Thanks so much again,
Barrett
Thanks Barrett,
For gfa - I don't need the actual file, but could you please use this tool to visualize and just post the image? https://github.com/rrwick/Bandage
From the assmebly_info, I see that there is definitely a mix of linear and circular. What I would also do - try visualizing read alignments against the assembly in IGV. You can check the alignments around the areas where you expect chromosome to end. If it's an artifact, you should see none or a few reads spanning these positions. Feel free to post those as well.
Barrett - you'll need to realign original reads against the assembly and use bam file as an IGV input.

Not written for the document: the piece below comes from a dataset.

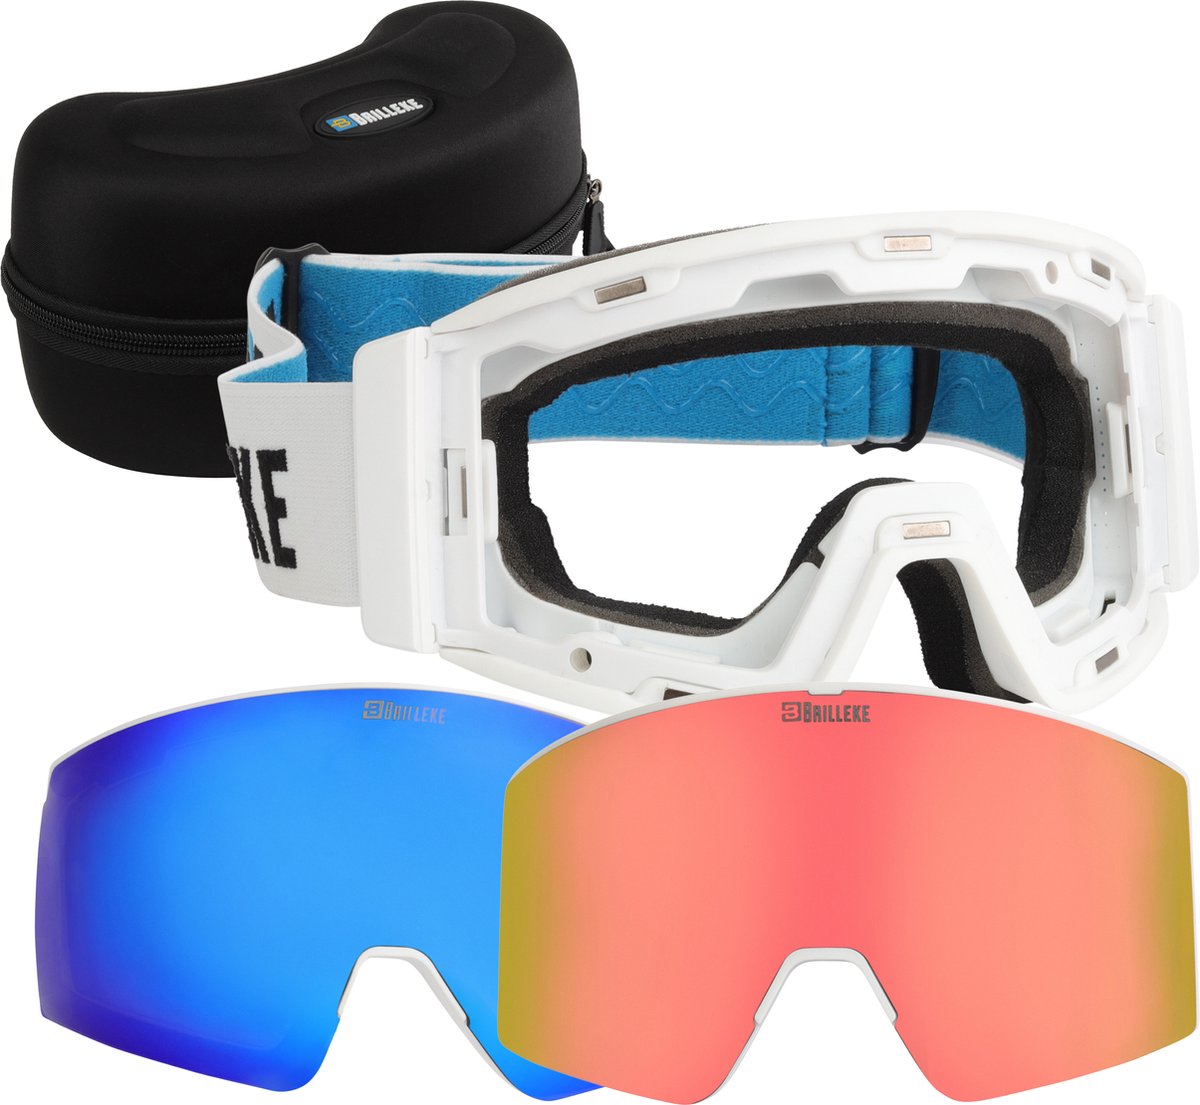 Brilleke® snowboardbril. Met 2 gekleurde lenzen, één voor goed en één voor slecht weer. Veilig opgeborgen in hardcase + extra lensbeschermer. (Wit)

I've seen a similar pattern with one of my assemblies as well. The bandage image is below, edge 2 and 3 are the contigs of interest.I have screen shots of a BLAST dotplot (self to self) and coverage from Minimap visualized in Geneious. Edge 2 is the first pair of images. Edge 3 is the second pair of images.
Thanks- Adam
Adam - these could be self-complementary repeats (e.g. ATATATATA).
Closing due to inactivity - feel free to follow up if you have more questions!